Publication Year: 1970.

A Bolivian Couloir and Other Climbs

Stanley S. Shepard

Of my climbs in Bolivia in 1967, 1968, and 1969, three merit an account. These three, although thoroughly modern in their technical requirements, recalled the days of Tyndall and Stephen, when maps were rare and provisions were roast chicken and wine.

I. We make the third ascent of Tiquimani, 18,400 feet, by a new route, July, 1967. From Huayna Potosí and Charquini I had studied Tiquimani, an immense Victorian mansion of rock and ice rising 14,000 feet above the Bolivian jungle hills and had soon come to imagine the peak as the Tower of Mordor or the Black Stone of the Incas. Except for the long and easy route of the first and second ascents, Tiquimani was defended by some of the most sensational walls I have ever seen. The prospect of making a lightning assault upon this fortress seemed dim, until one day I discovered Wonder Couloir, a 6000-foot slash in the otherwise impracticably high and complex north face. (The name Super Couloir has been pre-empted for Fitz Roy, but Tiquimani’s couloir is no less impressive, although technically a far easier proposition.) Wonder Couloir cuts a ruled line through the 7000-foot-high north face and offers a direct ascent almost to the skyline about a kilometer east of the summit towers. Its difficulties are concentrated in the upper 1000 feet, where it steepens into an ice-floored chimney before ending in immense overhangs festooned with hundred- foot-long icicles.

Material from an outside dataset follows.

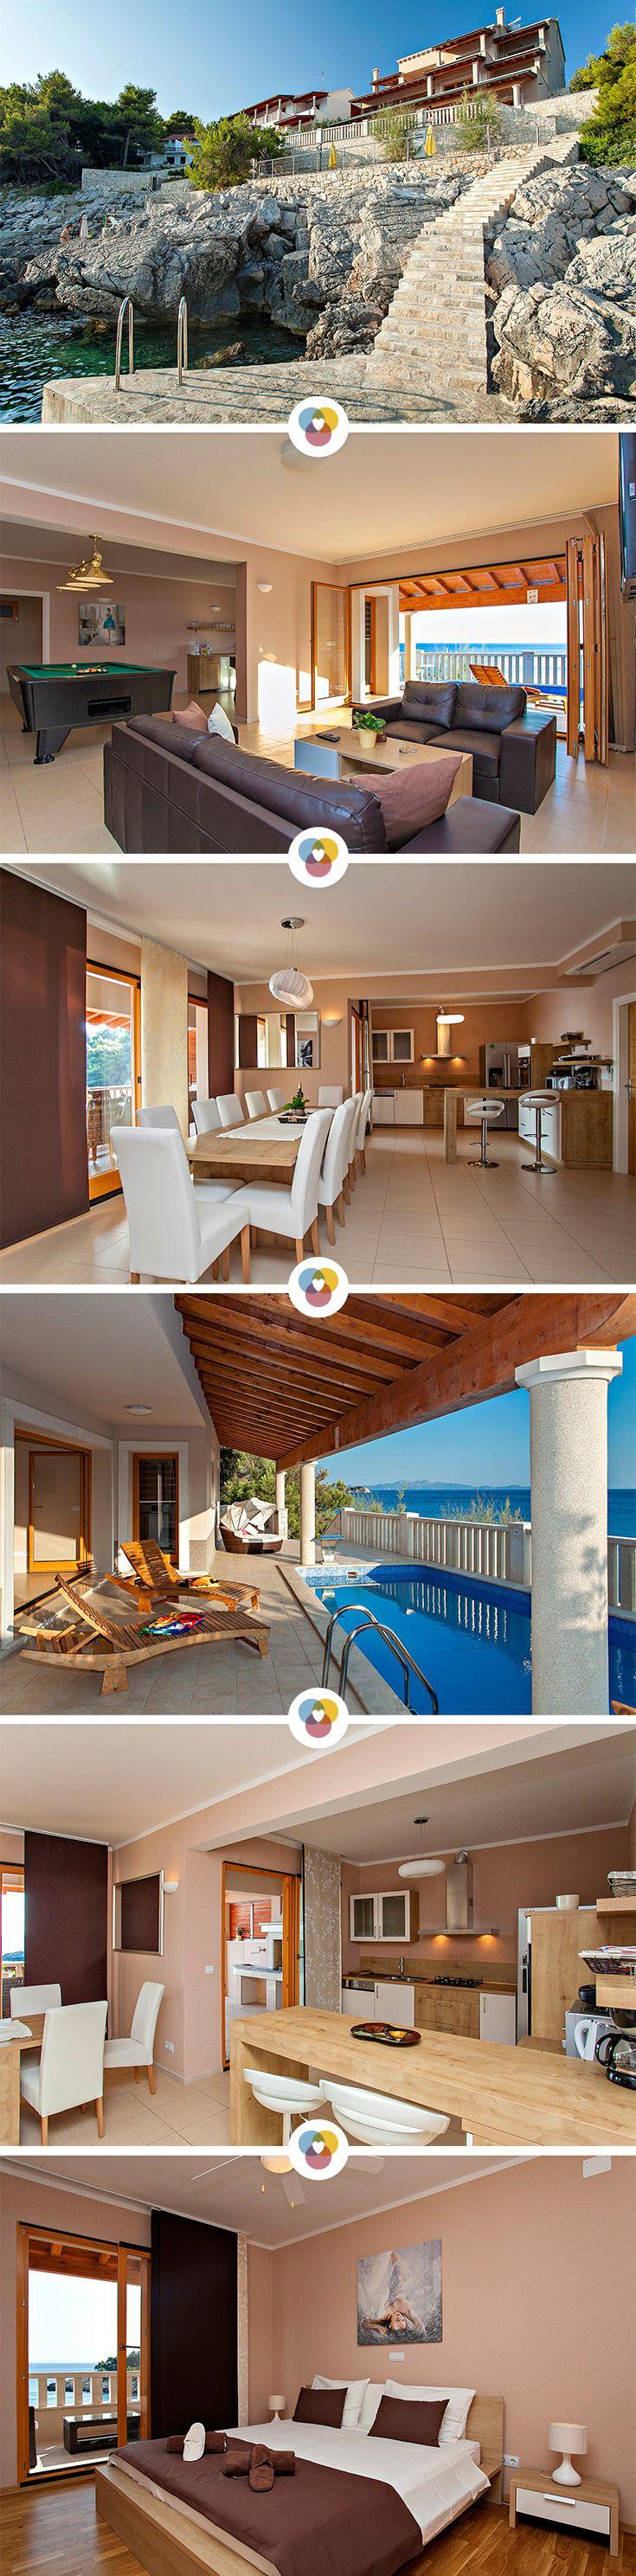 Urlaub in einer Villa muss kein Traum bleiben, denn wer mit einer Großfamilie oder den lieben Freunden verreist, kann sich auch Luxus leisten. Die Villa Vanda ist ein besonderes Ferienhaus in der kroatischen Ferienregion Korčula und hat Platz für 12 sonnenhungrige Urlauber.

Excited by the discovery of Wonder Couloir, I talked Gus Iturraldi, a Jesuit and Bolivia’s best climber, into making the attempt. Brian Rennix, a physicist at the cosmic ray laboratory on 17,000-foot-high Chacaltaya, made us scientifically respectable. Gus persuaded him to leave his boiling- point thermometer at home but could not keep him from periodically holding out his hands to count the cosmic rays as they hit them. Mike Hallahan, Gonzalo Aliaga, and Miss Ronnie Connley joined us to help carry the chicken and wine to a camp beneath a hanging glacier interrupting the couloir about 4000 feet up.

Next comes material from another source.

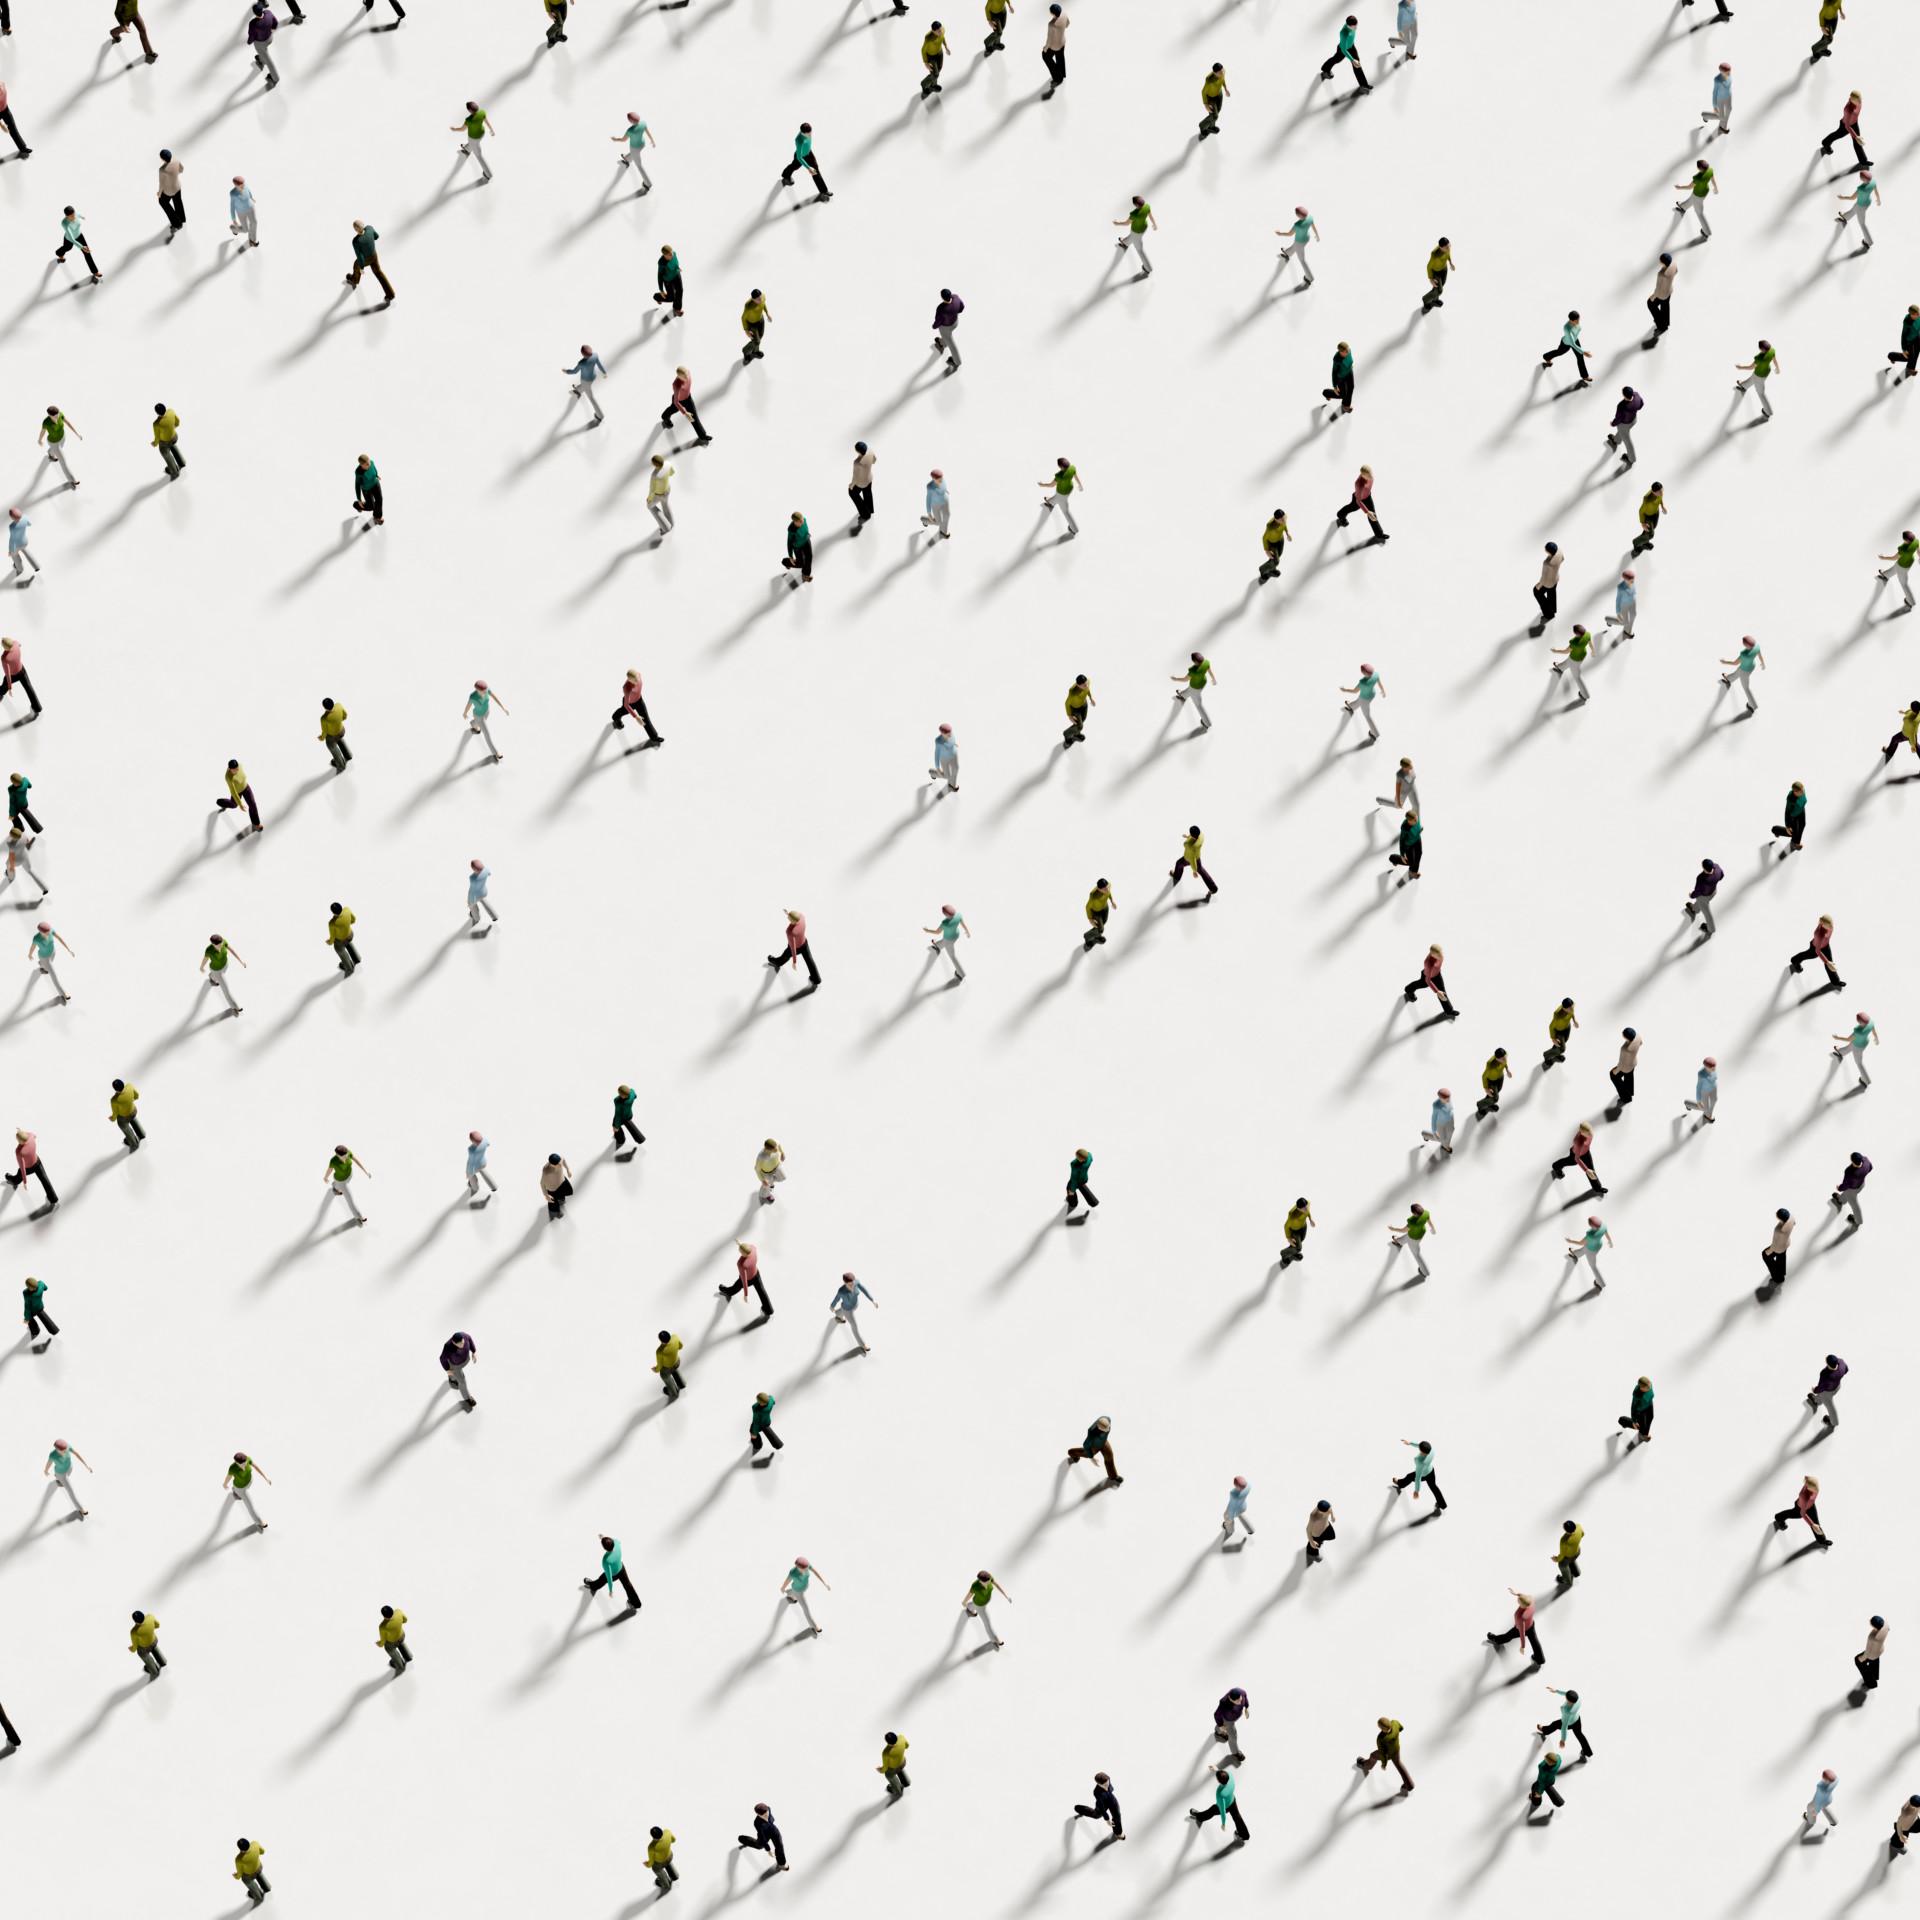 Menschen aus der Vogelperspektive

We began at nine A.M. on Saturday. The first 1000 feet of the couloir were of very-high-angle grass, and were followed by about 2000 feet of very-high-angle cemented dust, scree, and large rocks, about 2.9 on the old Yosemite scale. Where the couloir narrowed to about 20 feet we en- countered water-ice which became a series of frozen waterfalls, over which Gus draped fixed lines for our Two Porters and a Girl whilst I pushed from below and ate chicken. The cataracts of ice ended in a high steep wall which we turned to the right by an easy slot and ramp, leading finally to a large bench beneath the hanging glacier. We had passed the mountain’s lower defenses and camped on the bench as a fine drizzle strengthened into a steady rain. Hopes sank, and we all knew that the serious work would commence with the dawn.

At five A.M. Gus, Brian and I stumbled off into the murk to look for the glacier, which we found as the mist began to lift. The glacier rose steeply and then absurdly steeply as it rose to the mouth of the upper couloir, now a slot floored with blue ice. (The rock-water ice mix of the day before had dulled our crampons, but Gus had thoughtfully carried a file amongst the chicken and wine, so we were ready once again to surmount the iron-hard Bolivian ice.) Today the iron-hard Bolivian ice had been softened by the warm weather, so the first lead in the couloir was easy. Water ice had formed about two inches of plating over harder stuff, and a few blows with the axe gave a good step. The next lead required aid from two ice screws to surmount a bulge, and as I moved off aid, the plating below let go and clattered down the glacier, accompanied by a modest avalanche which shot out onto the moraine above High Camp. With no further excitement we arrived at a six-foot-wide ice slot beneath the great icicles hanging from the wall above our heads. Stemming between ice and rock, I climbed the slot until I was able to step to a ledge on the right.

The ledge was the end of the climbing, and widened to a ramp leading west to the summit towers. The sudden change from the vertical to the horizontal was like finding a McDonalds and a parking lot on top of Devils Tower. We followed the ramp, which soon became a great plateau ending in a rock ridge overlooking the impressive upper walls of the north face. We scrambled along the ridge until we reached a snowfield abutting the 600-foot summit tower, itself draped with weathered fixed ropes tied to rusting pitons. After one lead on the rock it became obvious that the three of us could not reach the top today and return without bivouacking, so Gus gave me his club pennant, and I climbed as quickly as possible up the fourth class (4.86 to 5.479) rock and reached the summit about four P.M. I left the little pennant and rappelled and climbed down to my companions.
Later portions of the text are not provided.